L'histoire d'un gars qui aurait mieux fait de se casser une jambe le jour où il a fait correctement son métier.
Vu sous cet angle, le résumé ne permet pas d'y voir très clair, mais je trouve que le vrai script, l'histoire d'une folle (érotomane) à enfermer, est trop facile et réducteur.
Pour les amatrices de Melki, autant le dire tout de suite, on ne le voit pas tellement, et il n'a pas la pêche des grands jours, puisqu'il a le beau rôle, presque lisse, bien rasé, qu'on ne lui voit guère dans le cinéma et qu'on imagine mal dans la vraie vie.
Consigny est carrément absente, mais excellente.
C'est clair, le sujet, c'est Isabelle.
Pour les amateurs de Carré, bonne nouvelle, tout le film est basé sur sa tête, son nez, sa poitrine et ... ça suffira amplement. Comme dans « l'avion », une bonne partie des trentenaires réalisateurs semblent sous le charme de ce visage si esthétique, à la fois enfantin, banal et décidé. Ca tombe bien, le film décrit une femme entre deux âges, à la fois jeune fille et adolescente caricaturale dans un corps de femme mûre.
Je la trouve parfaite dans son genre, elle n'en fait pas trop, et on peut même dire que son physique et son minois se confondent parfaitement avec le sujet, sans parler de ses fringues de vieille fille de campagne, l'horreur absolue à fleurs qui accompagne à merveille la caricature de nana à problèmes.

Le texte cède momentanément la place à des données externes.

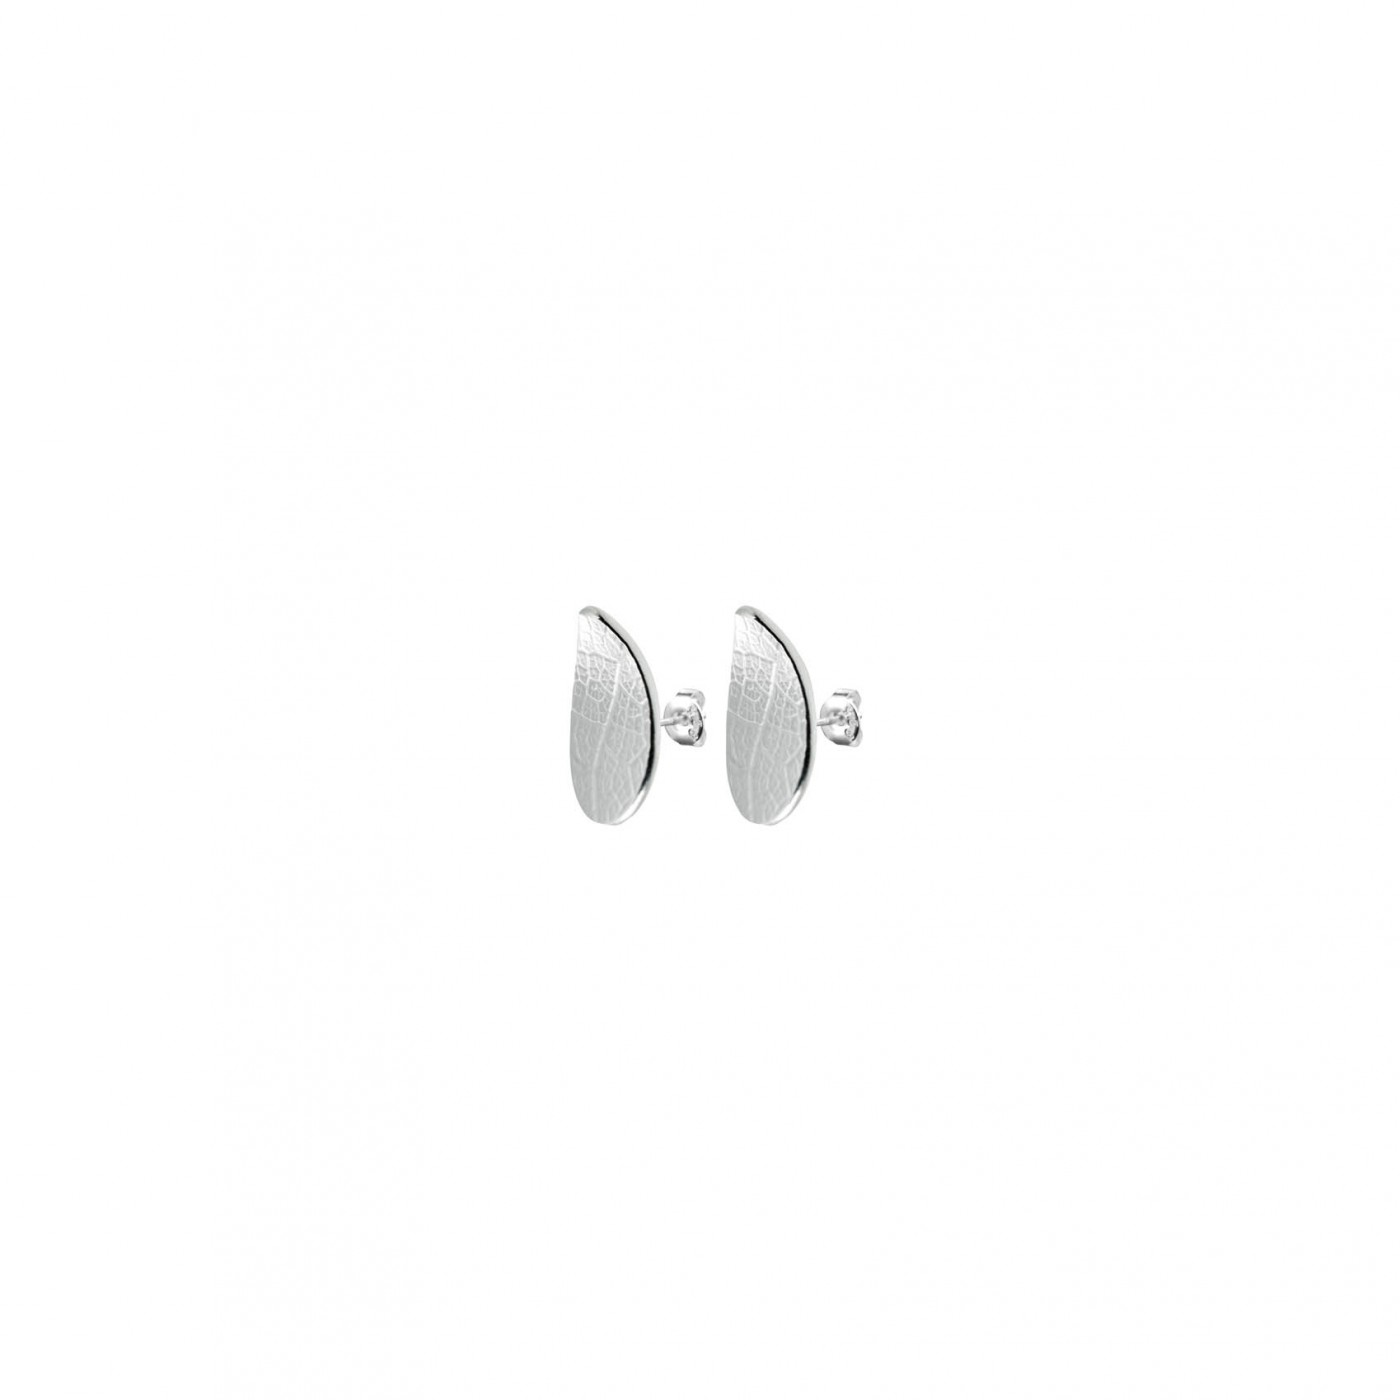 Leaf-drop-studs-fixed-1400x1400

Le film s'attaque à toutes les institutions, la psychiatrie, la police d'une certaine manière, mais aussi la religion d'une façon assez originale. On peut résumer une des scènes finales en disant que seuls les simples d'esprit peuvent se satisfaire des dogmes, et que pire encore, les dogmes de droit divin les enferment dans une spirale qui les empêchent de grandir pour affronter les réalités et s'adapter au monde tel qu'il est.
En fait, l'originalité marquante du film, c'est qu'il est bien filmé.
La photographie est remarquable parce que maîtrisée et esthétique, mais pas seulement, elle s'adapte en plus aux sujets.
Quand Isabelle pête les plombs, elle devient toute petite dans un monde trop grand ou trop adulte.
Quand on voit une scène d'action, la caméra prend de la hauteur pour montrer la simplicité de la violence, puis retourne à la hauteur humaine pour voir l'explosion de la folie des êtres.
Enfin, les moments d'introspection sont carrément sublimes. On est en plein format sur le visage de Carré qui cherche une chose que l'on ne peut décidément pas trouver à sa place. C'est cette proximité voyeuriste qui donne du sel au jeu de l'actrice.
Ce qui fait que l'on ne s'ennuit pas, c'est la gêne d'imaginer le pire qui va arriver à la suite d'une scène déjà éprouvante. Et le film est hélas trop basé sur ce système. On aurait pu imaginer plus d'action ou de psychologie décrivant les autres personnages par exemple. On a que des faits.
On reste à la surface du problème, ce sont juste des pistes pour faire peur au grand bourgeois, seule la grammaire nous change de tous ces films puritains, ici, on touche à la folie qui attaque, pas à l'adultère qui moralise.
Mais c'est de toute façon le film d'un réalisateur qui maîtrise son sujet et ça change.